Right now corefx supports zip files as well as gz files. Would it be hard to get it to support tar files as well for compatibility with the other OS's who package files as tgz very often?
A C# implementation already exists at https://code.google.com/p/tar-cs/ and could be used either as a guideline or directly imported.
If this is something that is desired I could work on designing an API, but it shouldn't be hard to visualize how it might look like.
Right now corefx supports zip files as well as gz files. Would it be hard to get it to support tar files as well for compatibility with the other OS's who package files as tgz very often?
We don't have any existing tar code to leverage, if that's what you mean. Tar is a pretty different format from Zip (particularly since it doesn't compress) so we would need to start mostly from scratch. That's not to say it isn't worthwhile, though. I'd love to be able to handle all popular compression formats.
I'm not sure though where we would even want to put this if we did add it. System.IO.Compression only kind of makes sense since a tar doesn't compress. I guess FileSystem? tar is so frequently associated with gzip it seems incorrect to not place it alongside it.
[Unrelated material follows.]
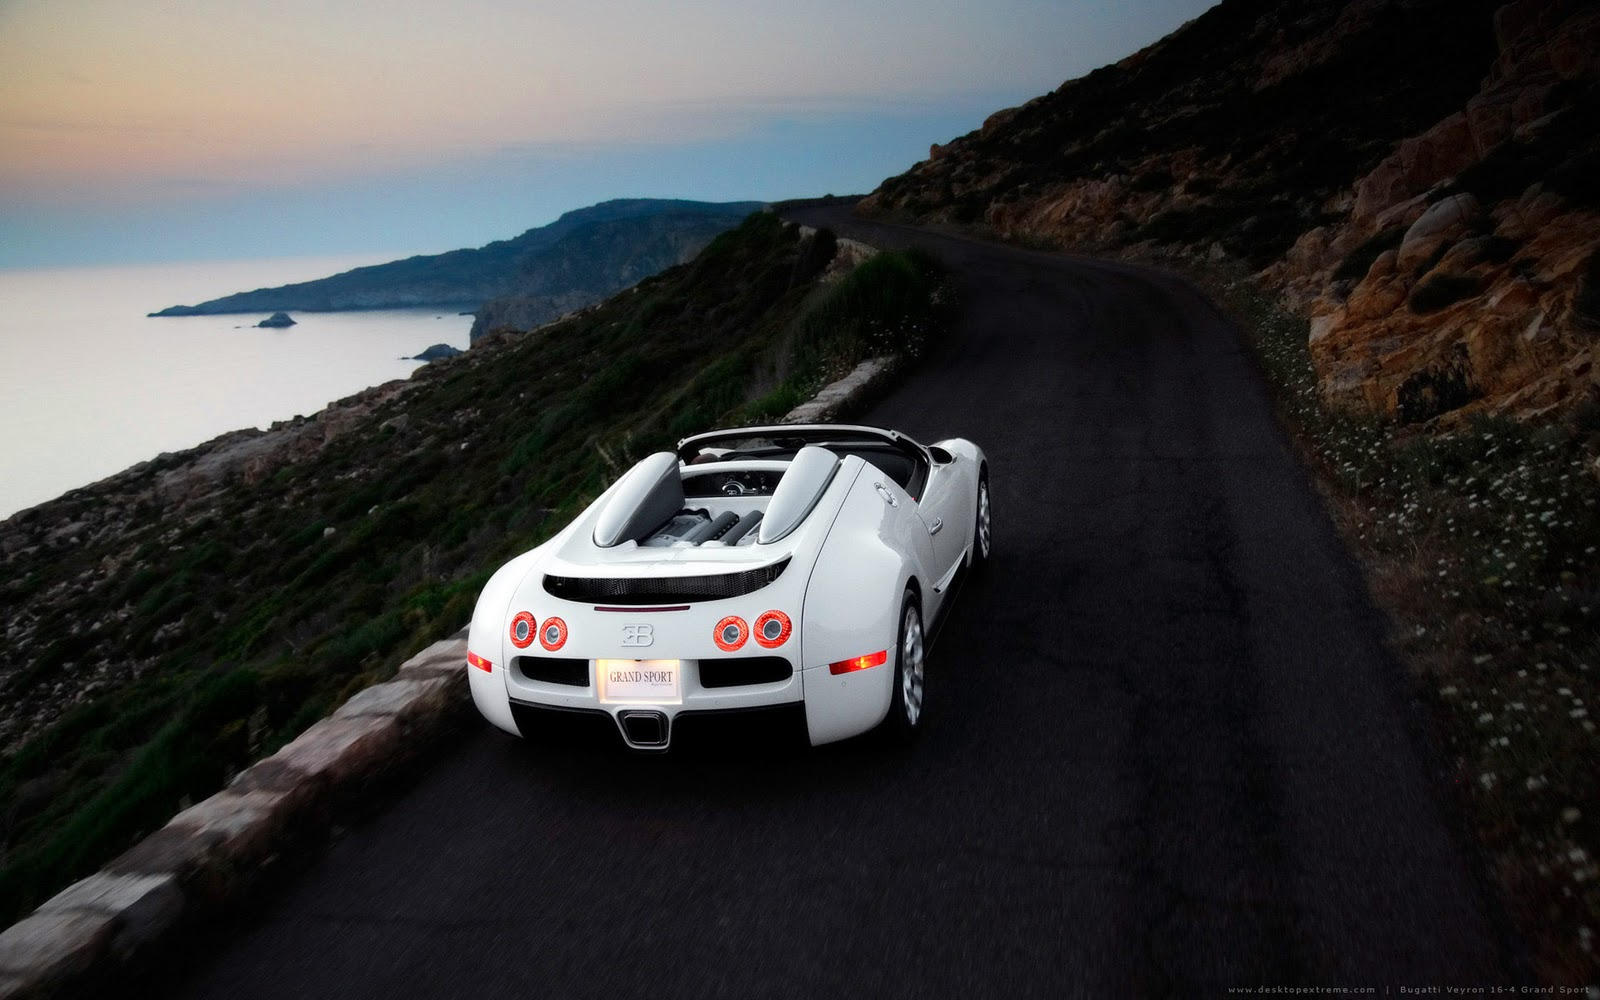 Bugatti full hd hdtv fhd p wallpapers hd desktop backgrounds

If this is something that is desired I could work on designing an API, but it shouldn't be hard to visualize how it might look like.
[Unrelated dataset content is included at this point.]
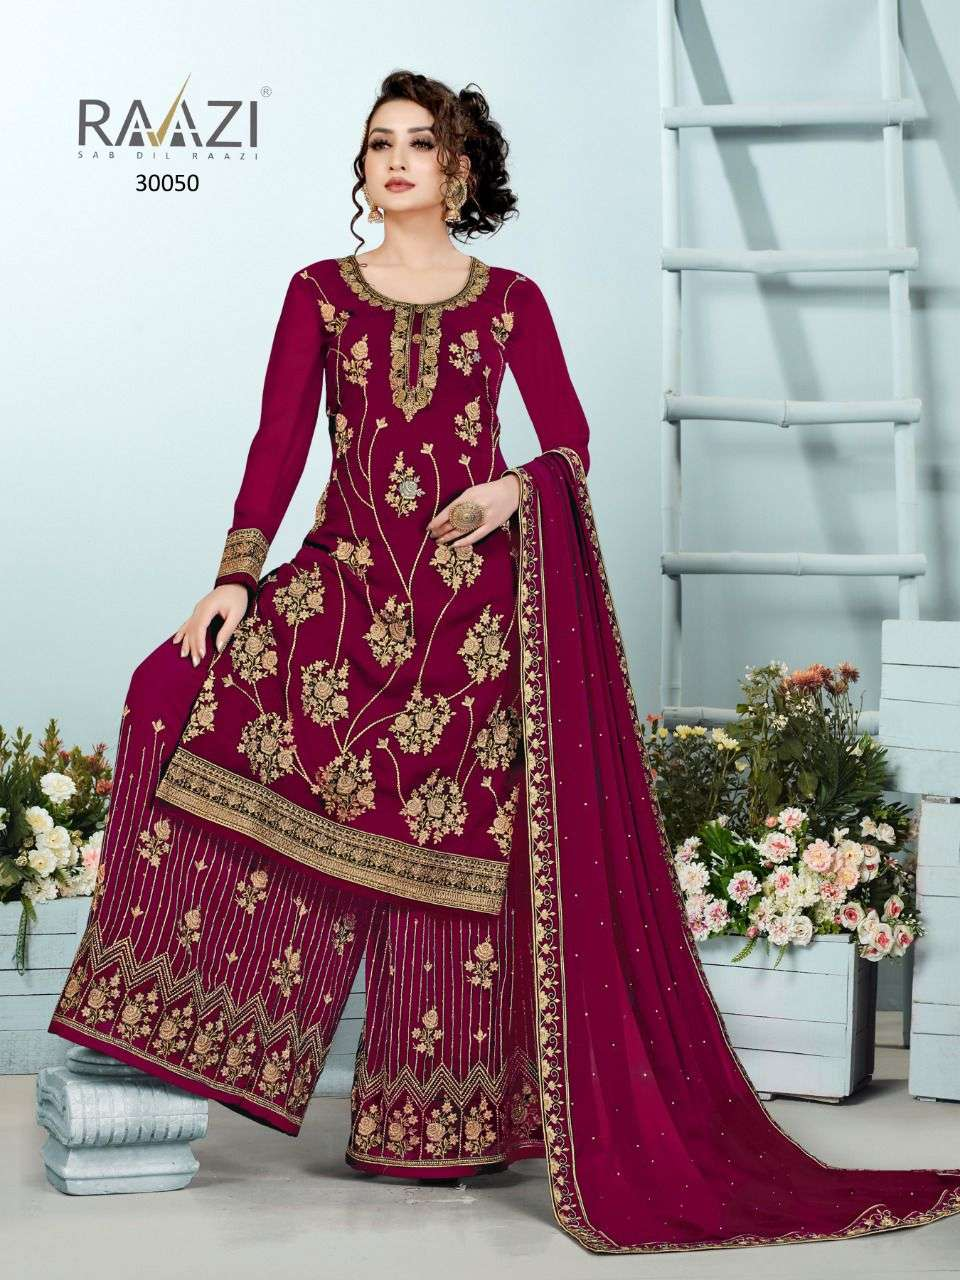 Rama fashion Dilbaro Vol 4 Plazzo Style Salwar kameez New Catalog at Best Rate

In my opinion it would be ideal for it to be as similar to ZipArchive as possible.
@ericstj @jasonwilliams200OK
Thanks @ianhays.
From dotnet/corefx#9673:
Also .bz2 if possible (http://www.bzip.org/1.0.3/html/zlib-compat.html). :)
Usually bz2 is the compressed format which contains a tarball (as bz2 only compresses one file: https://en.wikipedia.org/wiki/Bzip2). We can probably use the same API methods to support bz2 (except for some format specific settings).
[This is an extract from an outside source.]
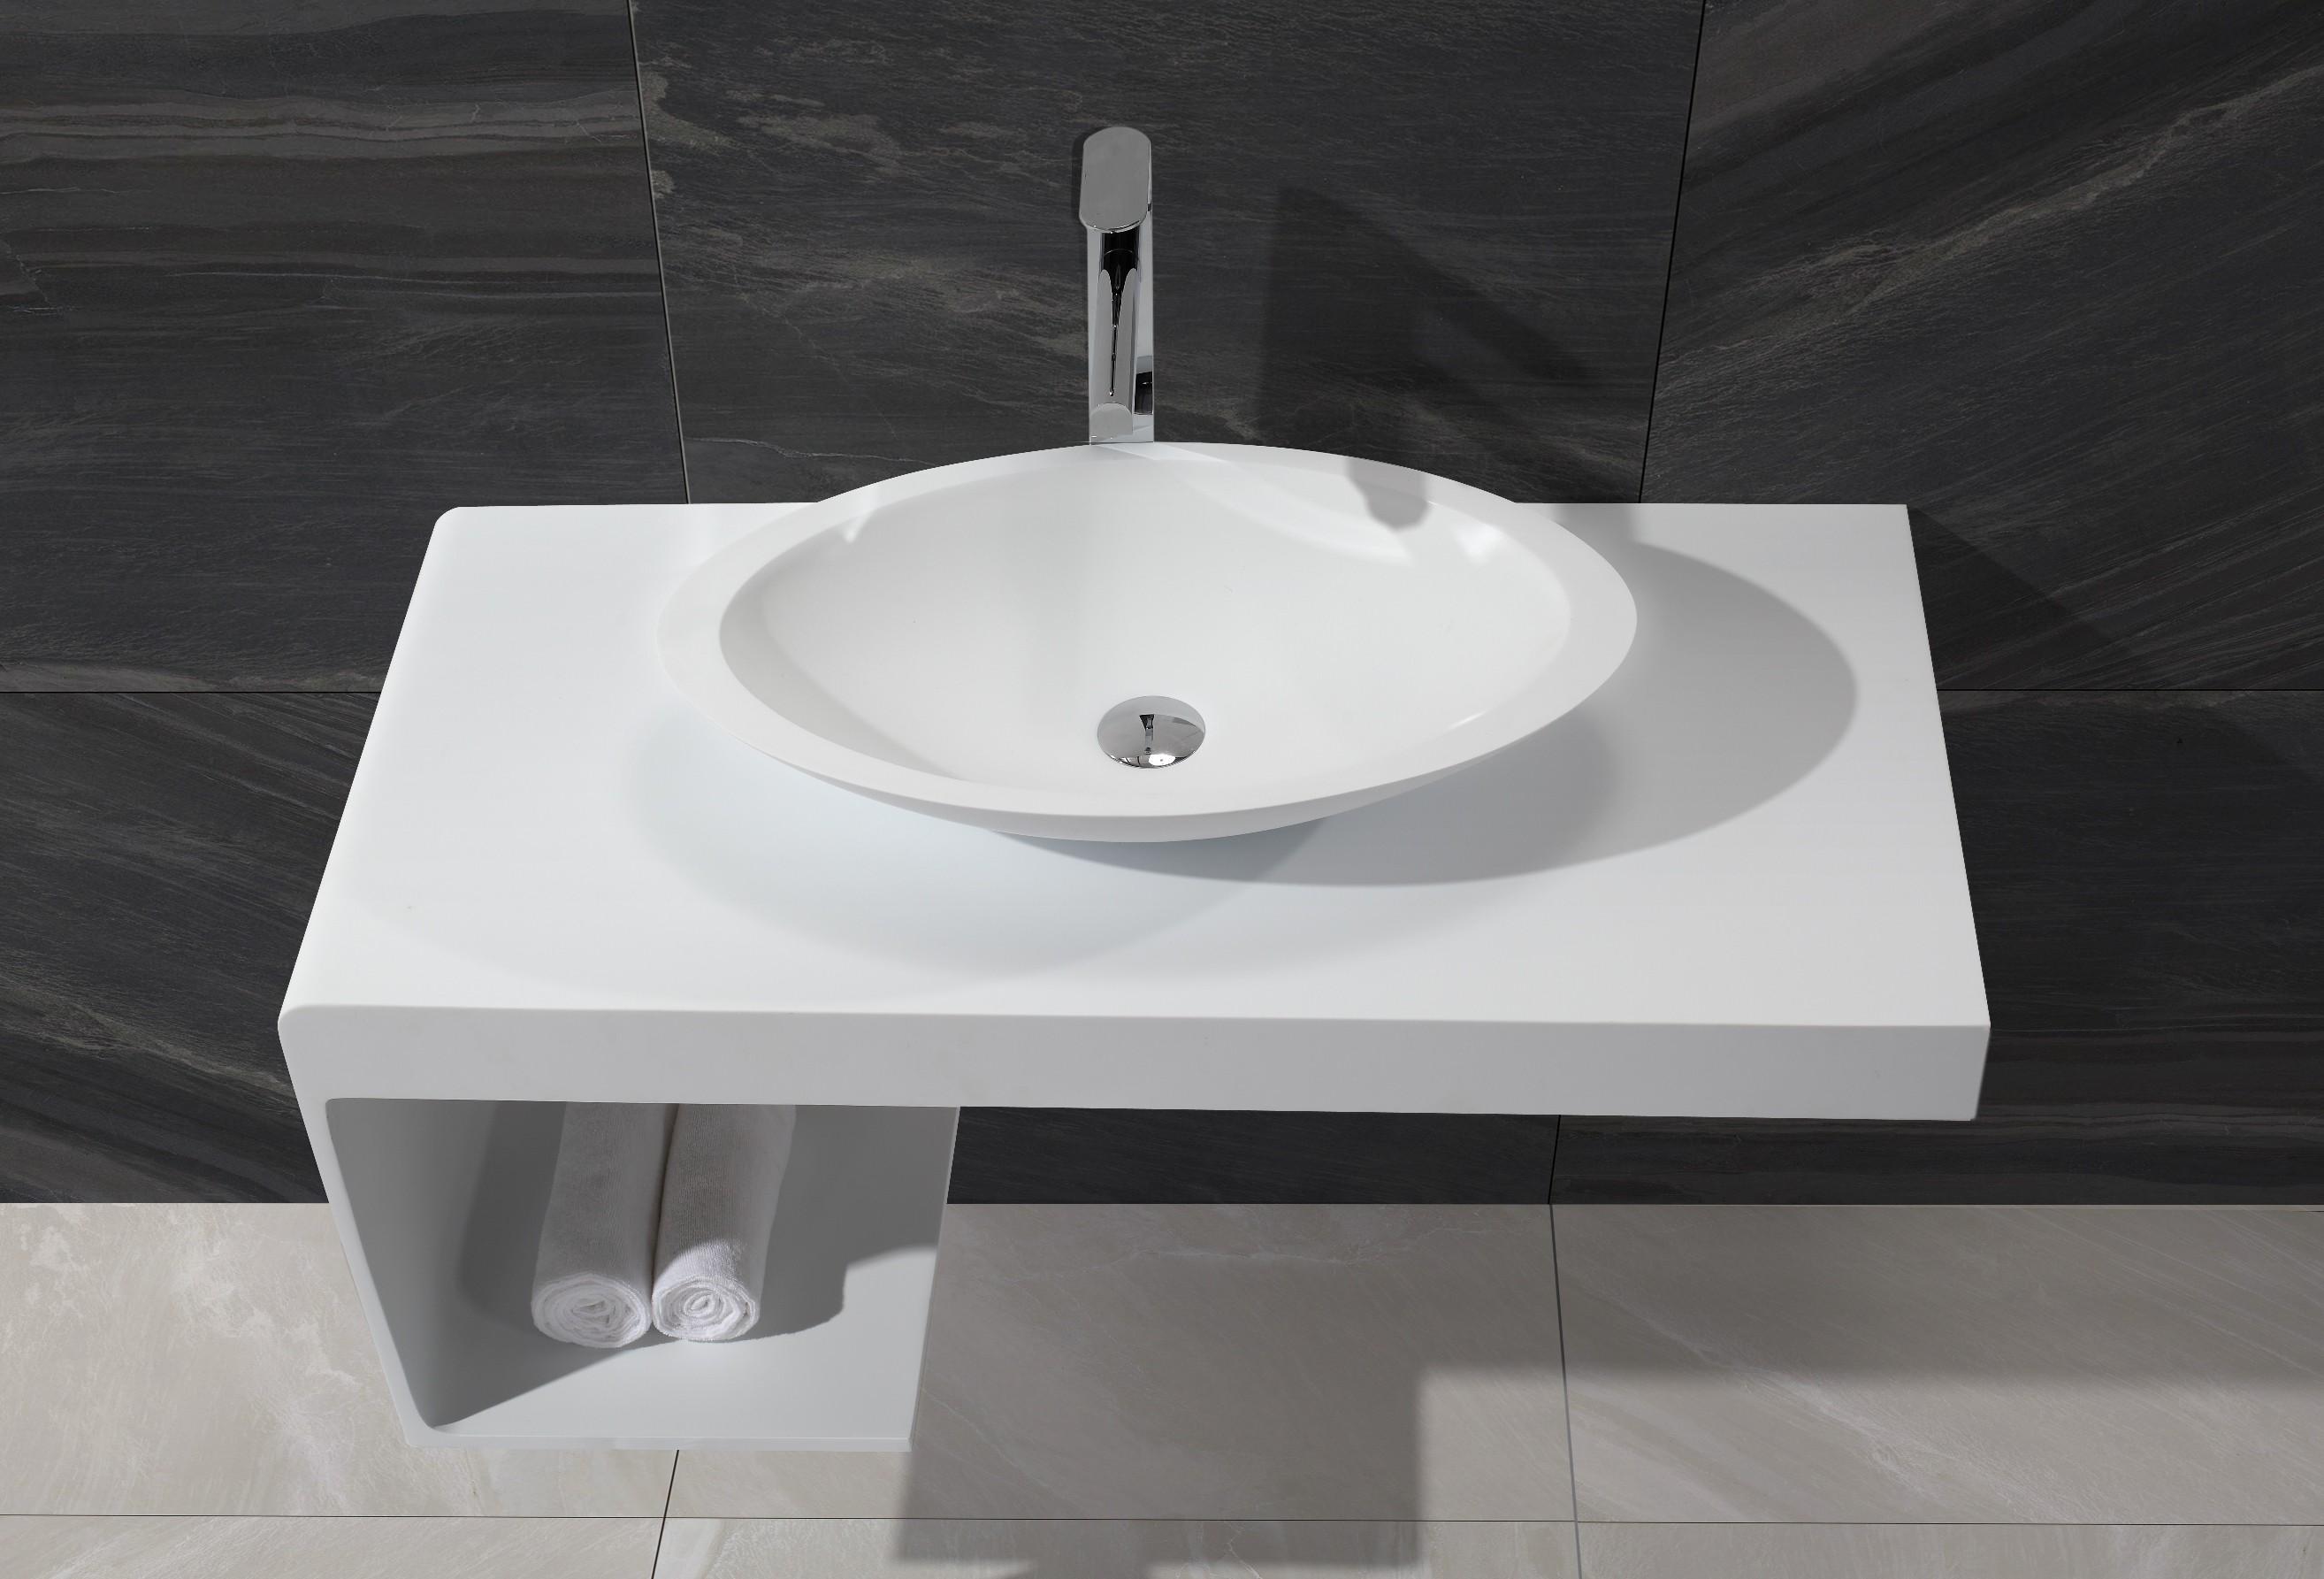 Design waschtischplatte 1396 badewelt badezimmer m bel for Badezimmer waschtisch set

This way, tarball expansion / contraction might make sense in S.I.C as part of bz2 (or even zip) compression / decompression.
With .NET running xplat it would be nice to be able to use it with the compression/archive formats common to systems other than Windows. Tar is an archival format popularly used in Unix alongside some sort of single-file compression, and we don't currently have a way of deaing with it. I suggest we add API for Tar that is similar to ZipArchive, as well as some extension methods similar to ZipFile. I'll focus on the former in this issue.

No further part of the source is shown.